Supplied entries
↓
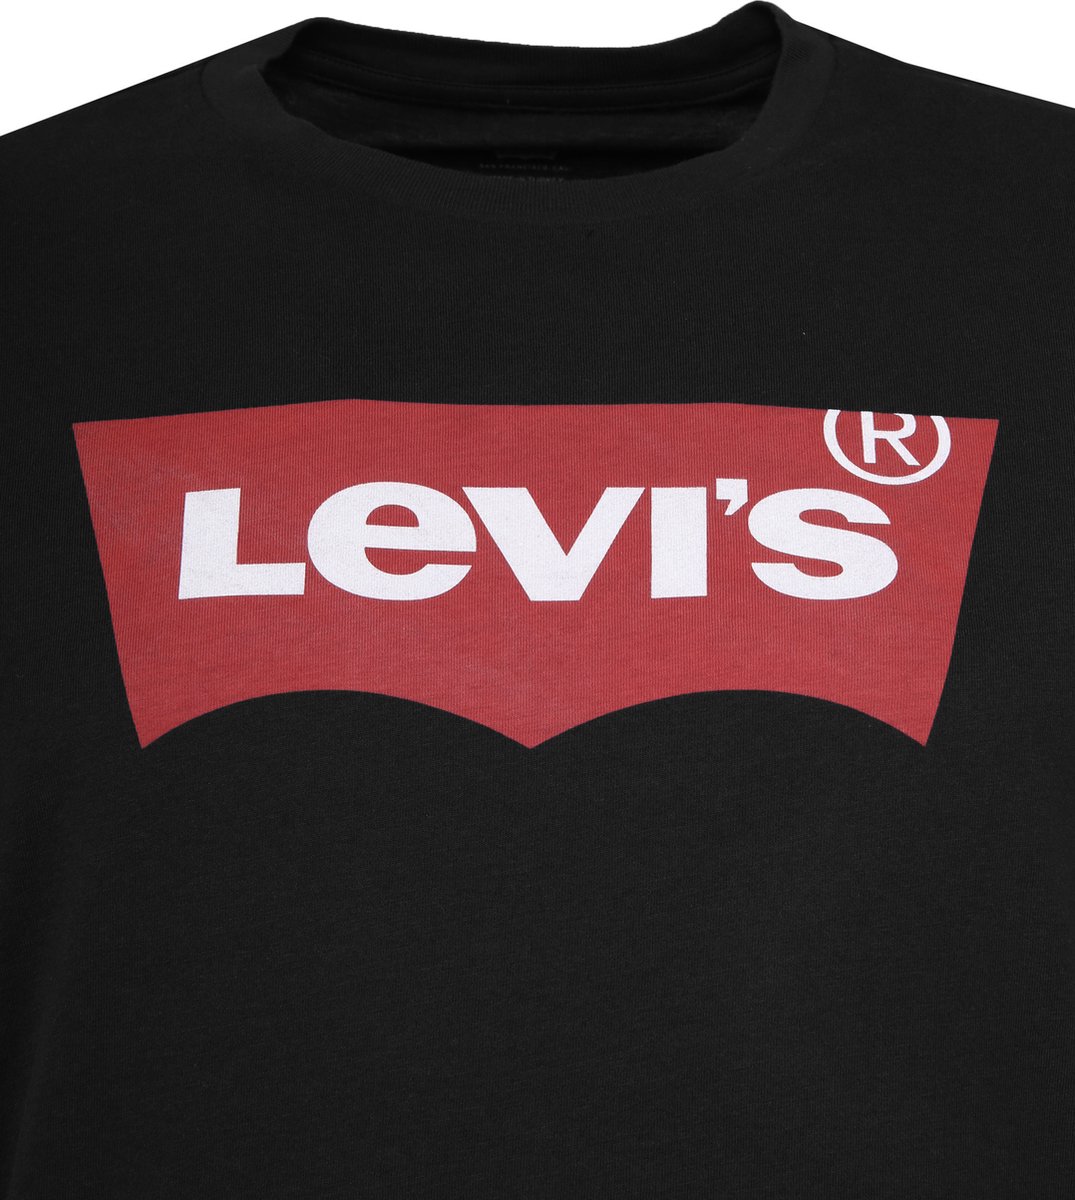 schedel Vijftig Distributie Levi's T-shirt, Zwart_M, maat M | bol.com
↑
↓
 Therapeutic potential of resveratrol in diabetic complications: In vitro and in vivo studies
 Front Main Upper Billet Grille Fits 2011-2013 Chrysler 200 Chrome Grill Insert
↑
Exercise
Output exactly one stretch of the listing: from the line containing "Therapeutic potential of" through the line containing "Front Main Upper", both end lines included.

Exercise answer
 Therapeutic potential of resveratrol in diabetic complications: In vitro and in vivo studies
 Front Main Upper Billet Grille Fits 2011-2013 Chrysler 200 Chrome Grill Insert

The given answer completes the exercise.